With the principle agreement on a bailout, Eurozone finance ministers gave the green light to make Cyprus the fifth country receiving financial aid.
The real party only started after the end of last week’s EU summit. Earlier than expected, Eurozone finance ministers agreed on the conditions for a bailout for Cyprus. The bailout programme for Cyprus will be a fully-fledged one, aimed at stabilizing the financial sector, fiscal adjustments and structural reforms to “support competitiveness as well as sustainable and balanced growth, allowing for the unwinding of macroeconomic imbalances”. As announced earlier, there will be an independent evaluation of an anti-money laundering framework. Cyprus has agreed to do a lot to restructure its economy and to increase tax revenues. Probably the most important decision is the one-off levy on bank deposits in Cyprus. This deposit will be 6.75% on deposits with up to 100 000 euro and 9.9% on deposits with more than 100 000 euro. This tax should raise 5.8bn euro. However, measures like “the increase of the withholding tax on capital income, a restructuring and recapitalisation of banks, an increase of the statutory corporate income tax rate and a bail-in of junior bondholders” indicate that the country will get almost a complete overhaul. The size of the bailout package would, in principle, be 10bn euro. Now, the Cypriot parliament will have to agree on the terms of the bailout and other national parliaments will have to give the final green light.

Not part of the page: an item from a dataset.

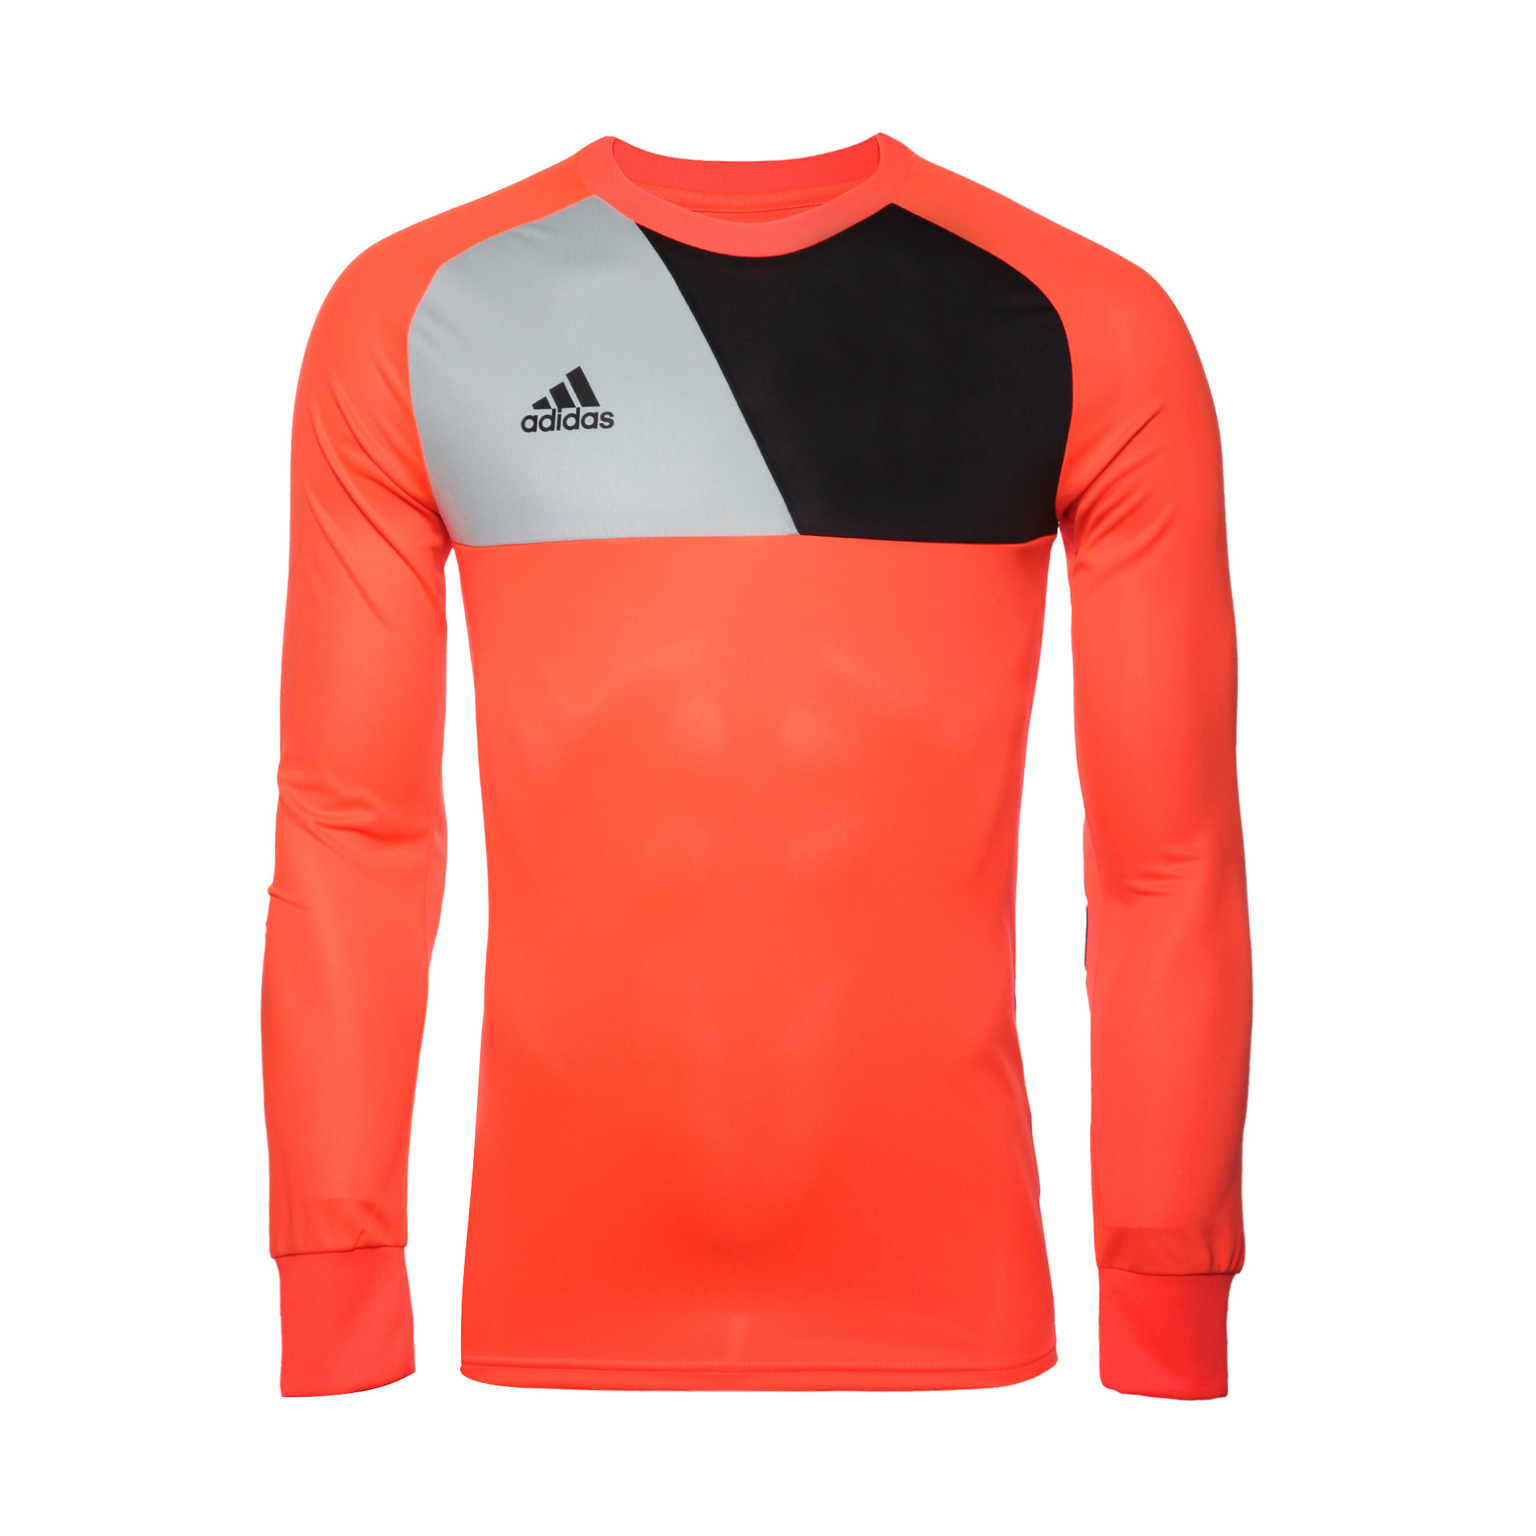 Свитер вратарский Adidas Assita 17 GK CV7749 свитера adidas свитер вратарский adidas adipro 18 gk l cv6349

This new bailout package is the result of balancing two – sometimes opposing – rationales: an economic and a political one. Politically, it would have been hard to sell a bailout for Cyprus in core Eurozone countries without some kind of bail-in. Economically, however, the bail-in of bank depositors has the potential to create new turmoil and possible bank runs in other peripheral countries if people start to fear similar treatment in the future. During the weekend, political doubts rose in Cyprus and the parliamentarian vote on the bailout was postponed to today. First smaller changes or fine-tunings to the depositor levy have already been announced. To avoid a bank run, depositors who keep their bank accounts for two years will receive securities linked to future revenues from the country’s gas reserves. Moreover, other options currently under discussions are the exemption of smaller deposits from the levy and other sweetener to encourage depositors keeping their money at the banks.
The consequences of last Friday’s decisions are still hard to predict. Today, there will be a bank holiday but tomorrow could start with long queues in front of Cypriot banks. Will depositors in other peripheral countries believe that Cyprus is a special case or will they also run to their banks? Everything seems possible. Fact is that the financial rescue of an island with less than 800 000 inhabitants marks a next step in the euro crisis: after the haircuts on Greek sovereign bonds, there now is the depositor bail-in. A clear message that rescue actions exclusively funded by tax payers money are a thing of the past.